[[ Data segment open ]]

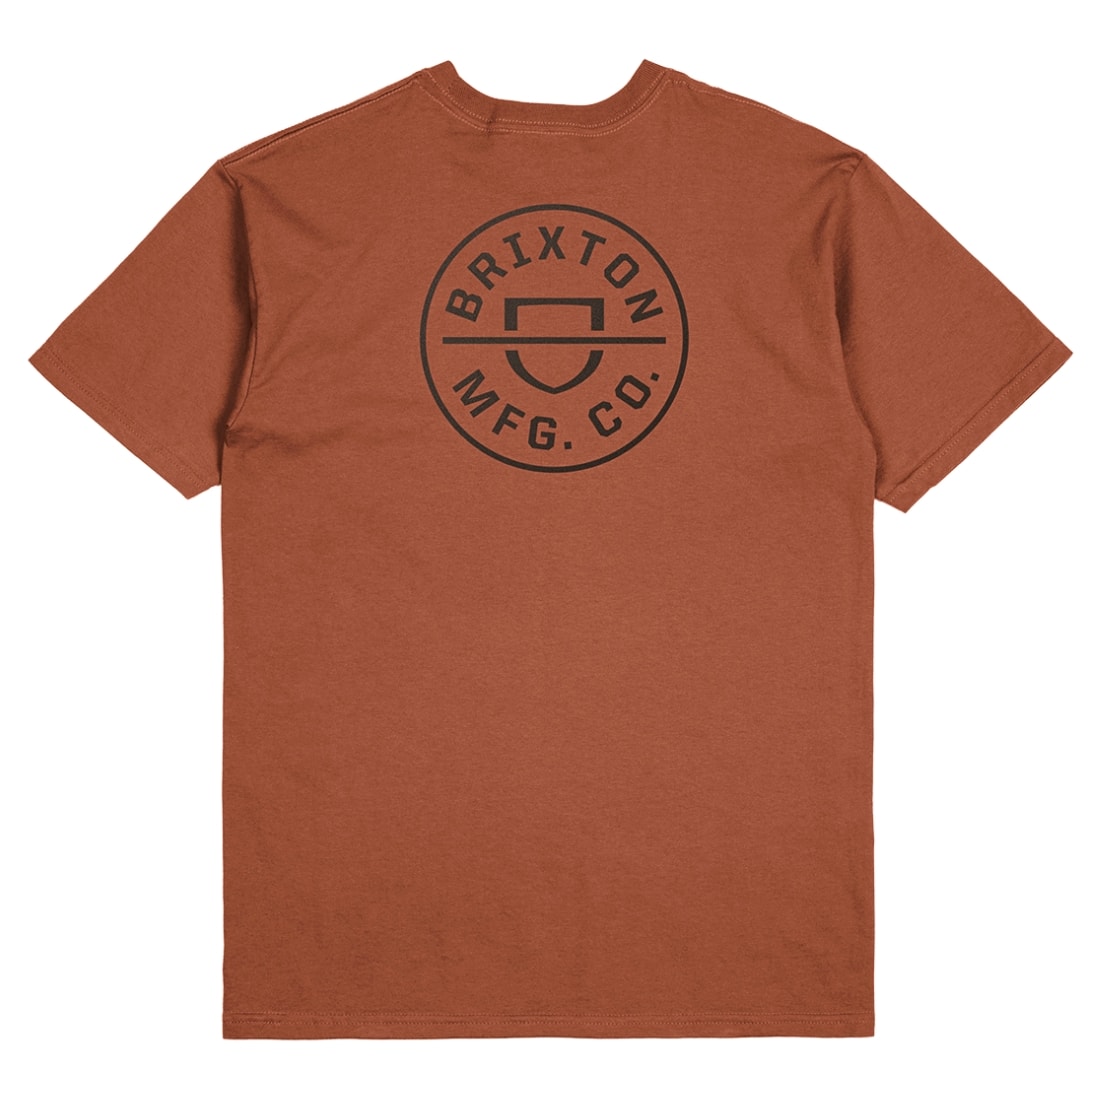 Brixton Crest II T-Shirt - Terracotta/Washed Black - Mens Skate Brand T-Shirt by Brixton
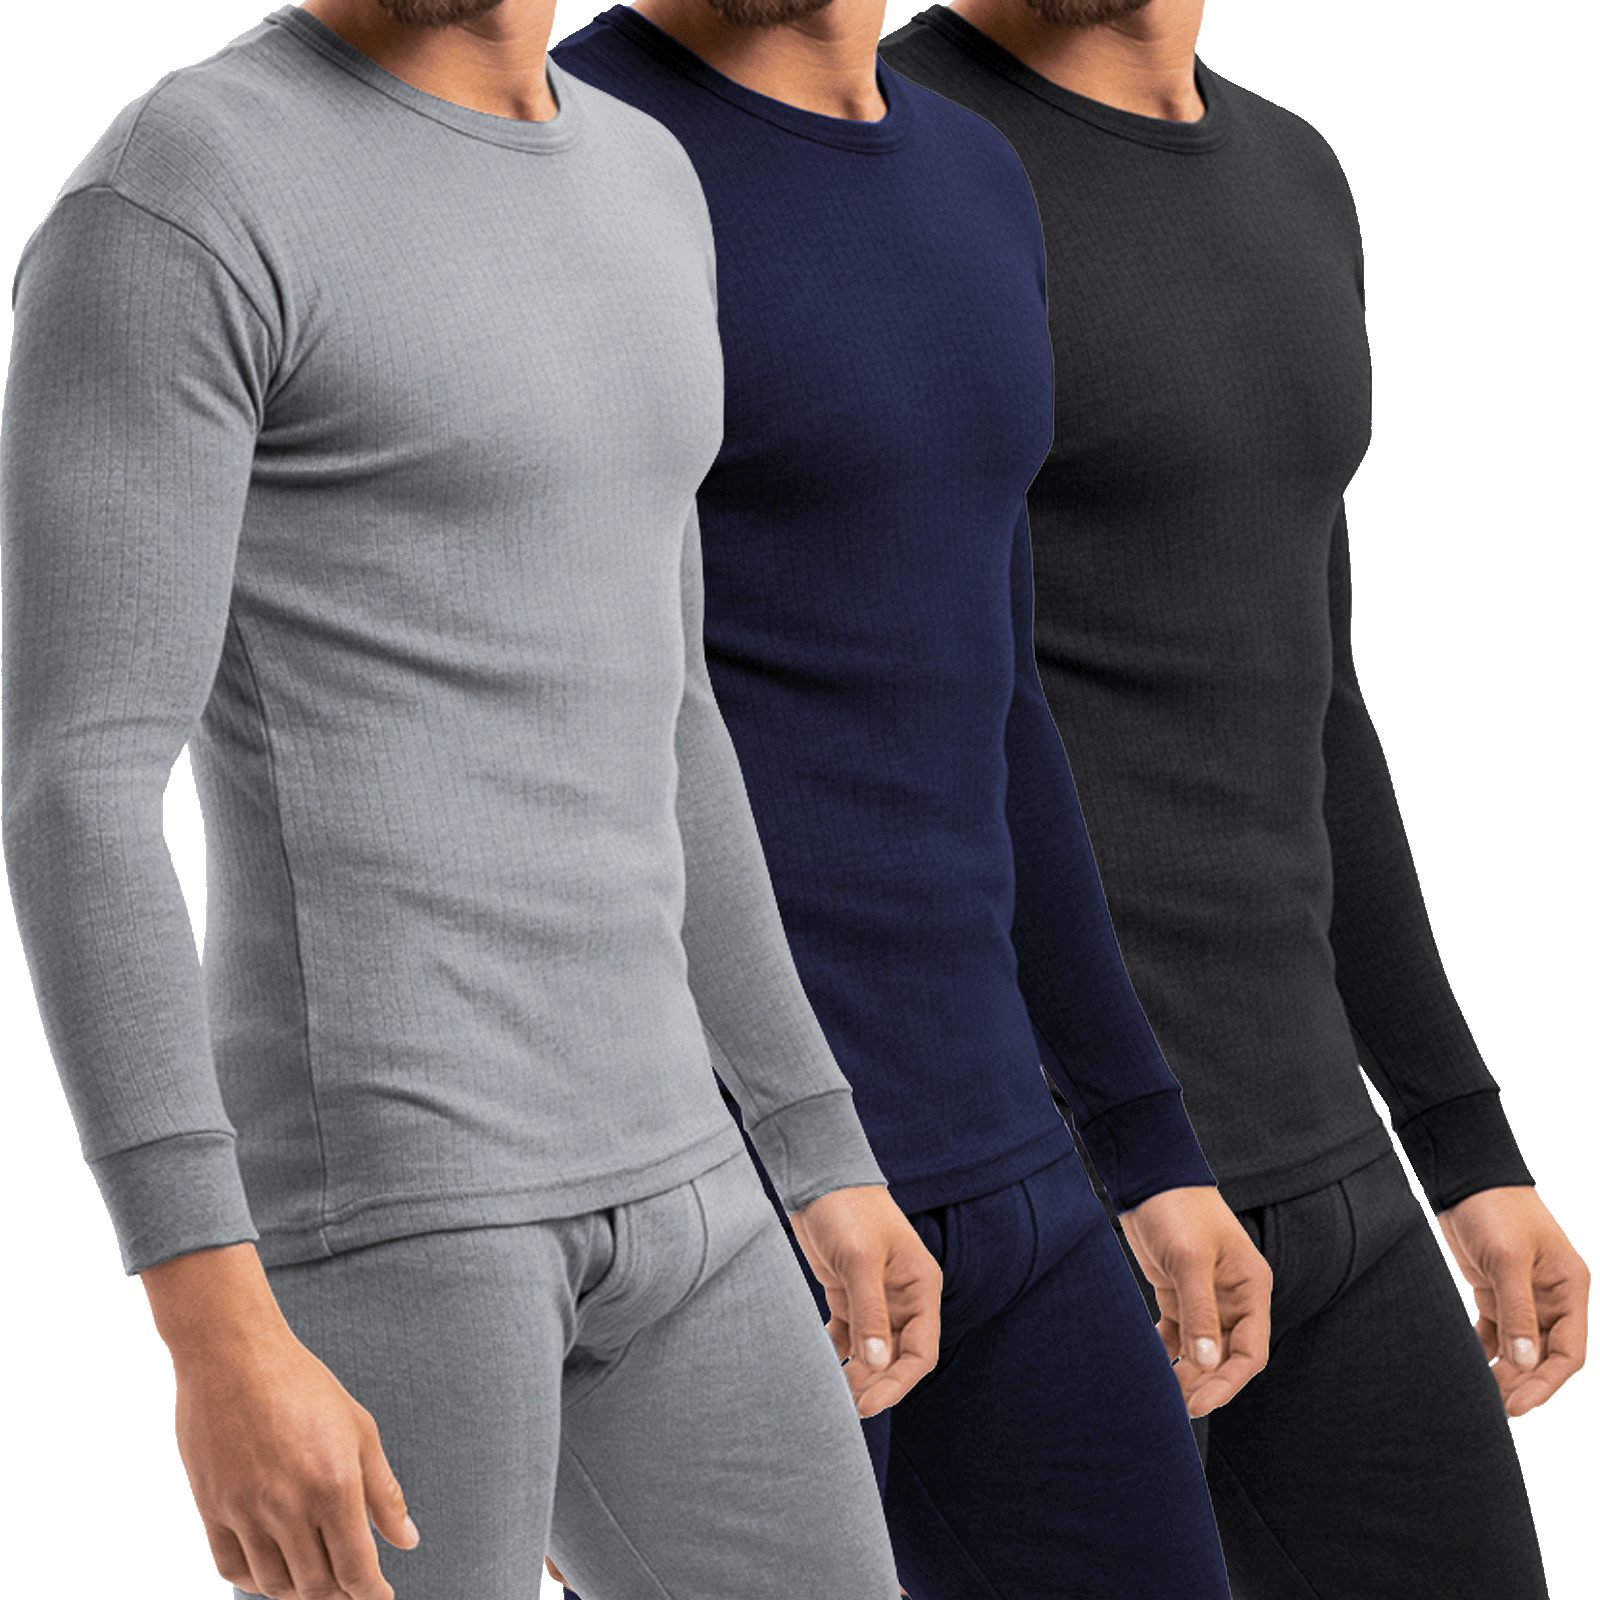 Thermo HEAT Markenwarenshop-Style Größe: x Langarm 3 BOOSTER Thermounterhemd Shirt XXL Herrenunterhemd
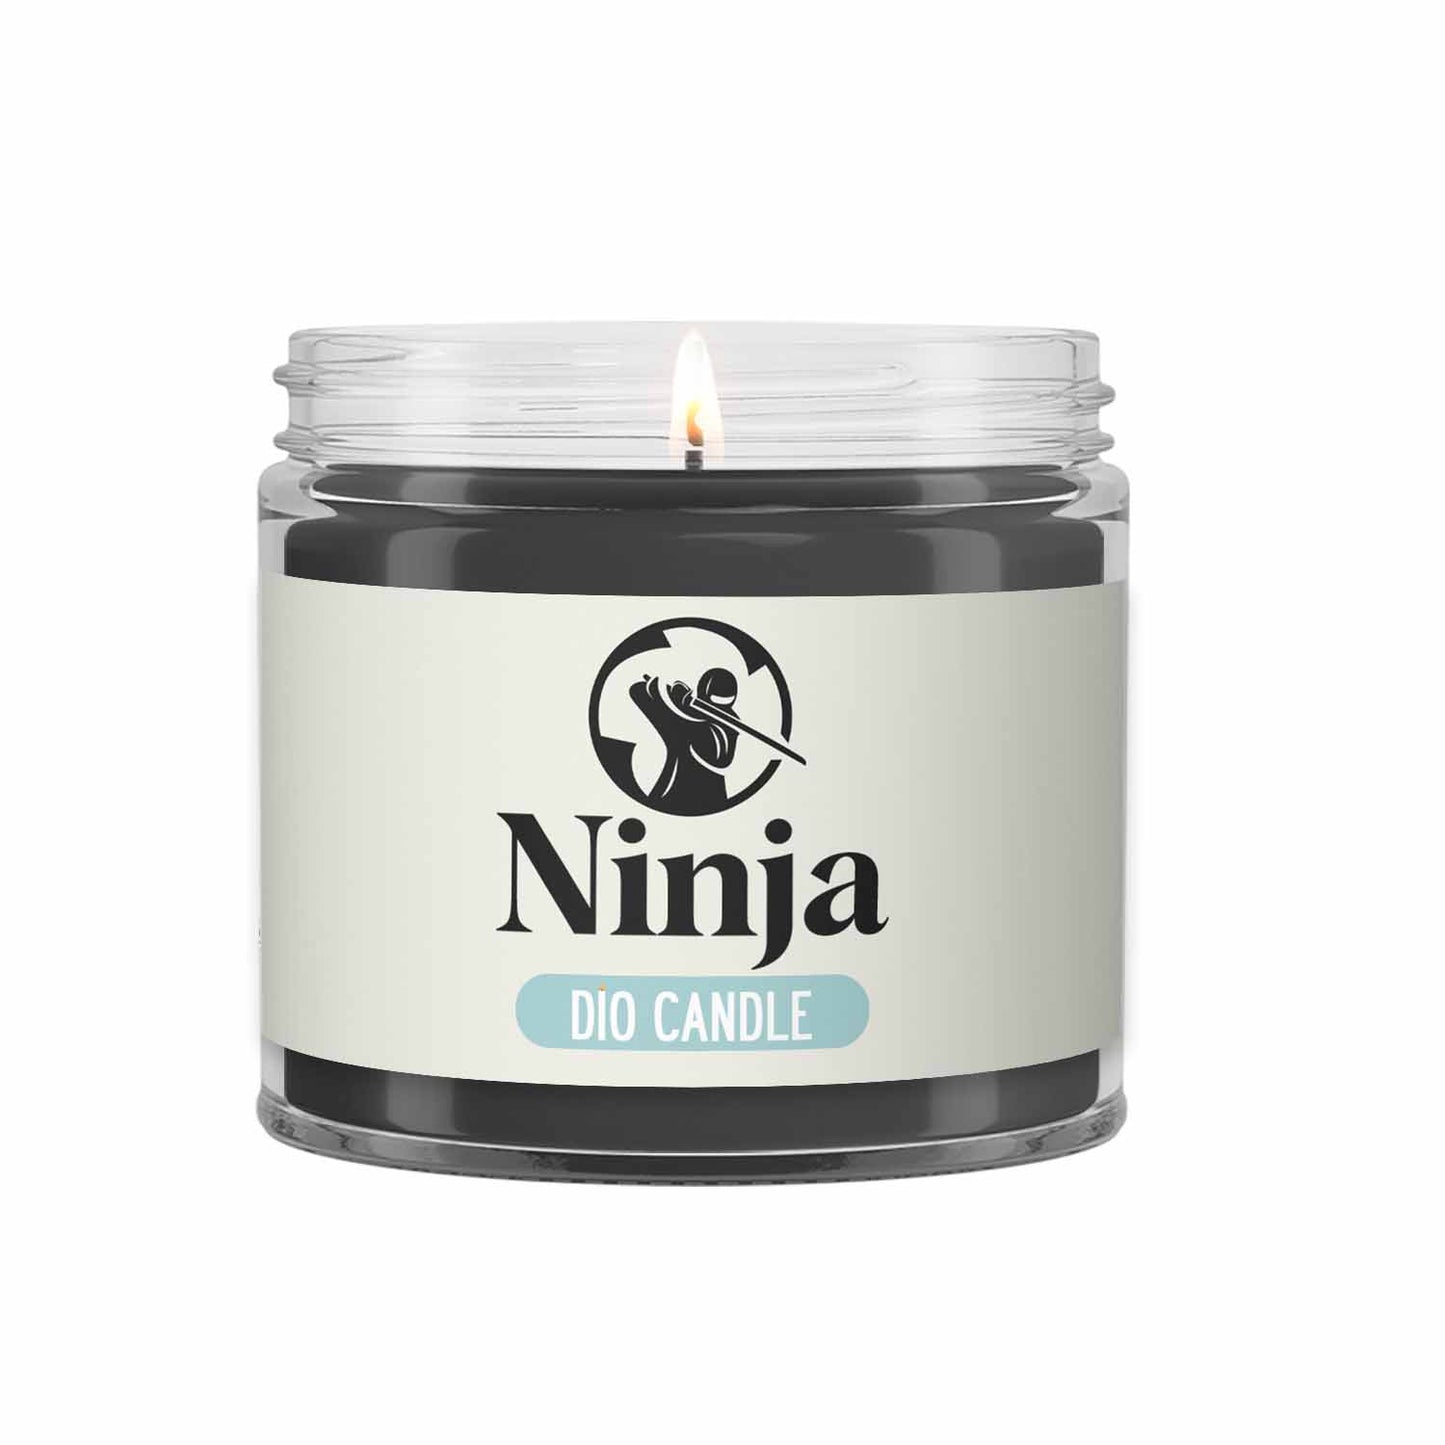 Ninja Candle

[[ Data segment closed ]]

* [What you are asked to do] Please output the full listing above exactly, minus any pictures.

* [Your response]
 Brixton Crest II T-Shirt - Terracotta/Washed Black - Mens Skate Brand T-Shirt by Brixton
 Thermo HEAT Markenwarenshop-Style Größe: x Langarm 3 BOOSTER Thermounterhemd Shirt XXL Herrenunterhemd
 Ninja Candle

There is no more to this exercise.